▶ **Exercise instructions**
The whole listing below is to be copied exactly, with every picture left out.
Source data: Begin
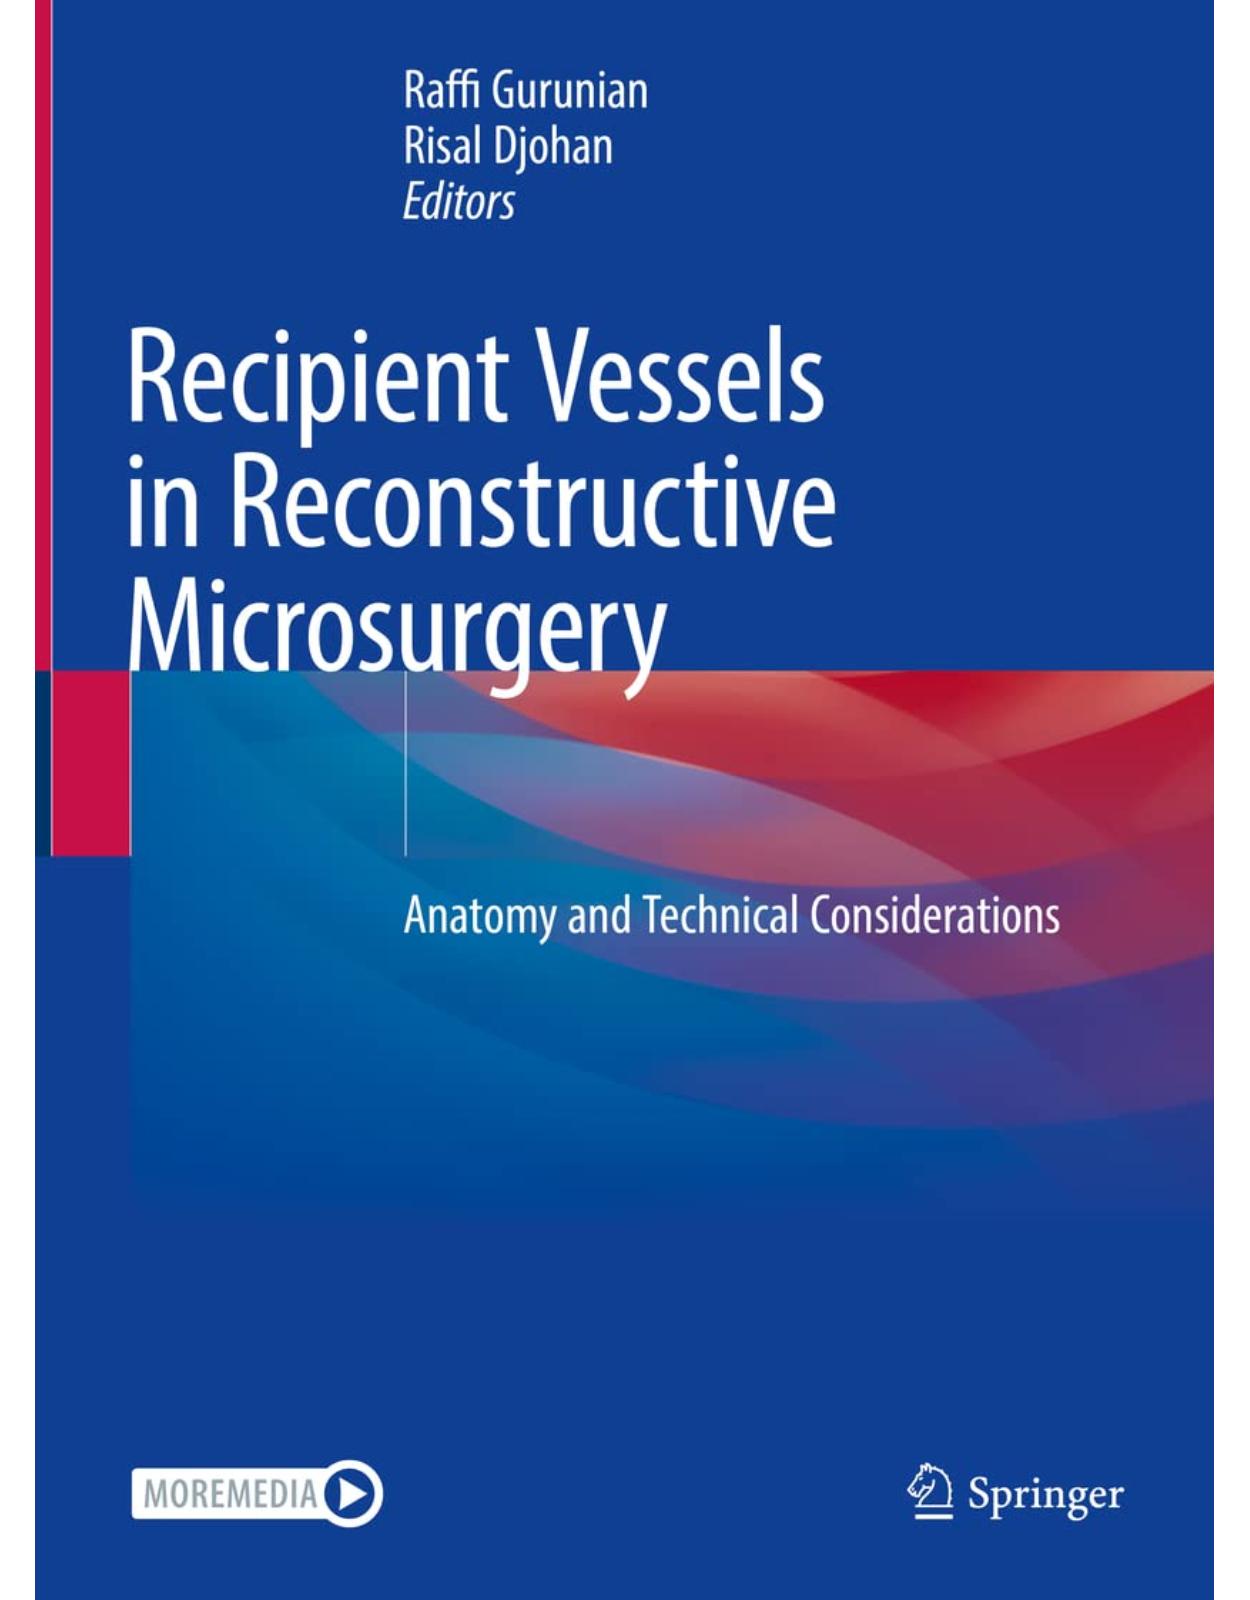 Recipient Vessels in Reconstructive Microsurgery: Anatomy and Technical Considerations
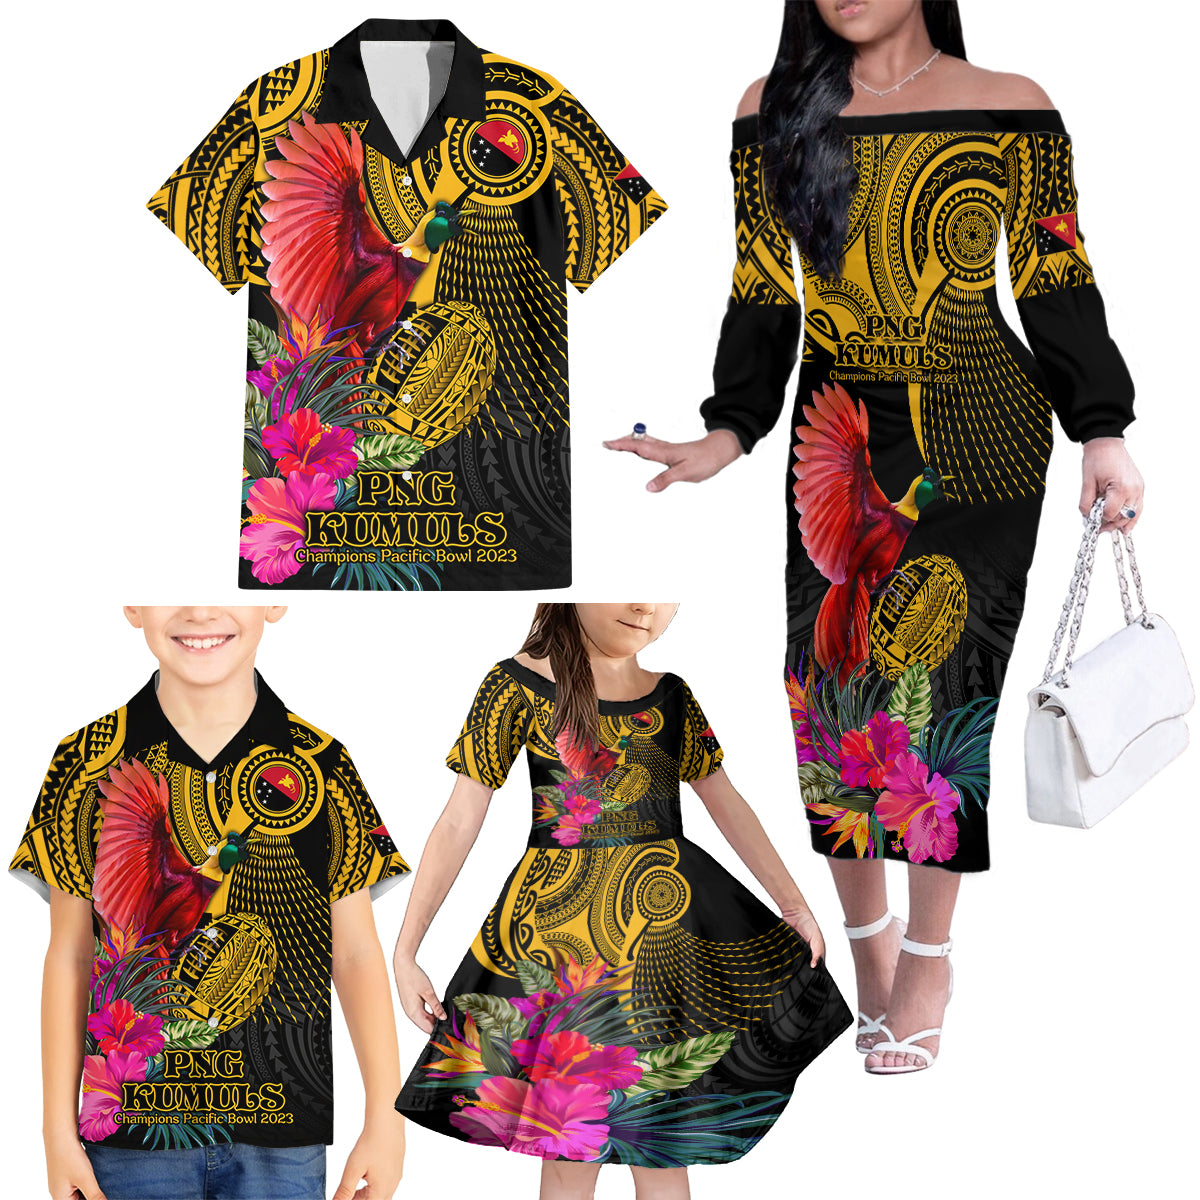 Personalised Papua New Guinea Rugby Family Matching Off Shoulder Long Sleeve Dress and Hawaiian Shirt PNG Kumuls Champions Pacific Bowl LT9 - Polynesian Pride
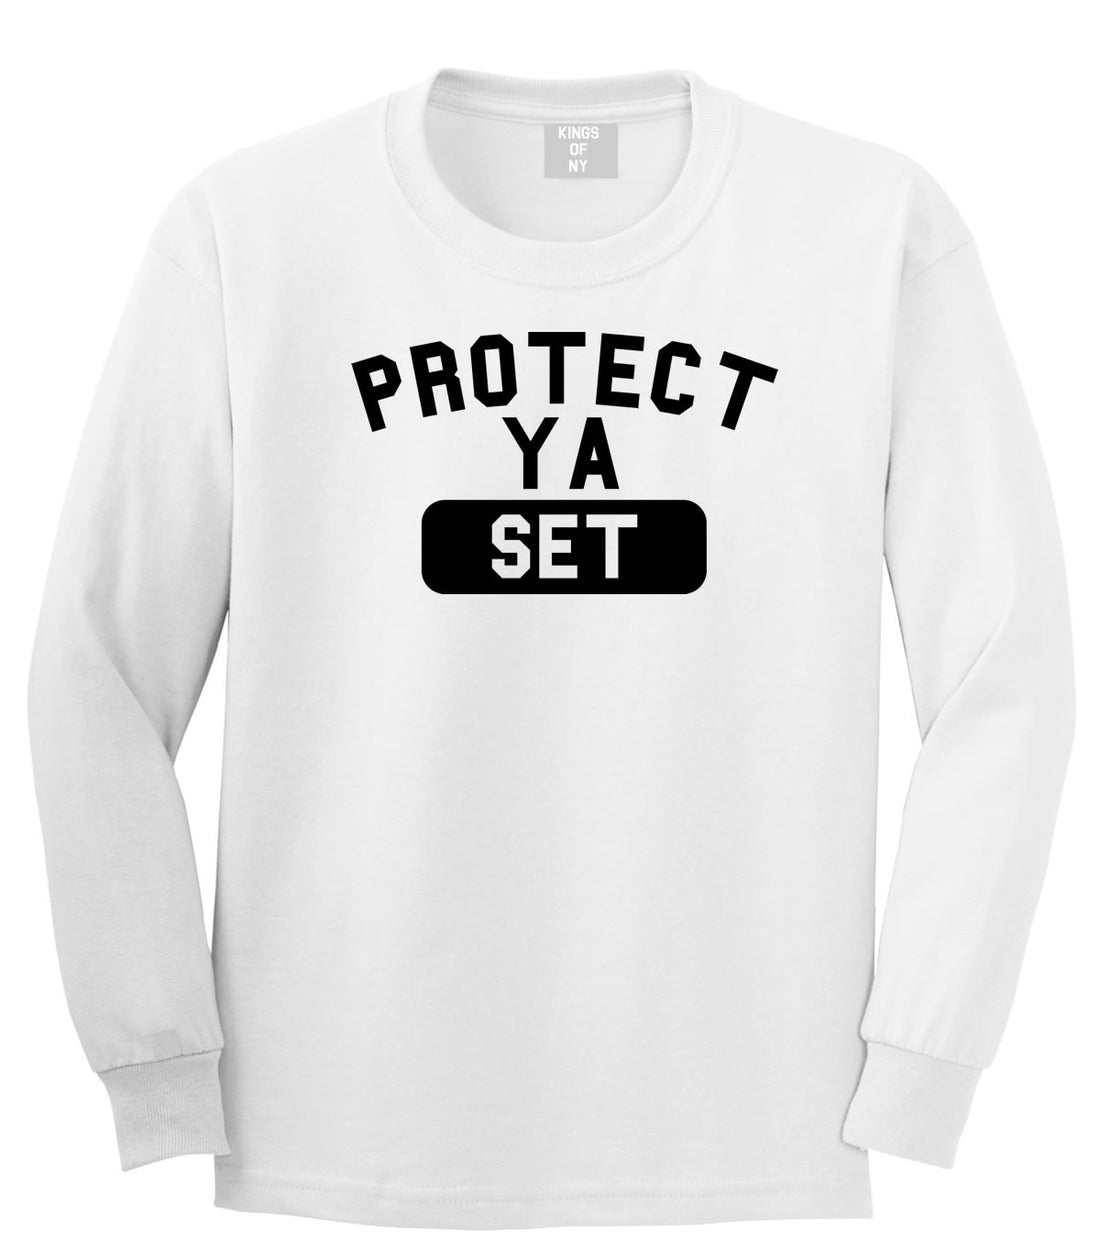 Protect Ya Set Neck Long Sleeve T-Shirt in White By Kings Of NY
Source data: End
▶ **Response**
 Recipient Vessels in Reconstructive Microsurgery: Anatomy and Technical Considerations
 Personalised Papua New Guinea Rugby Family Matching Off Shoulder Long Sleeve Dress and Hawaiian Shirt PNG Kumuls Champions Pacific Bowl LT9 - Polynesian Pride
 Protect Ya Set Neck Long Sleeve T-Shirt in White By Kings Of NY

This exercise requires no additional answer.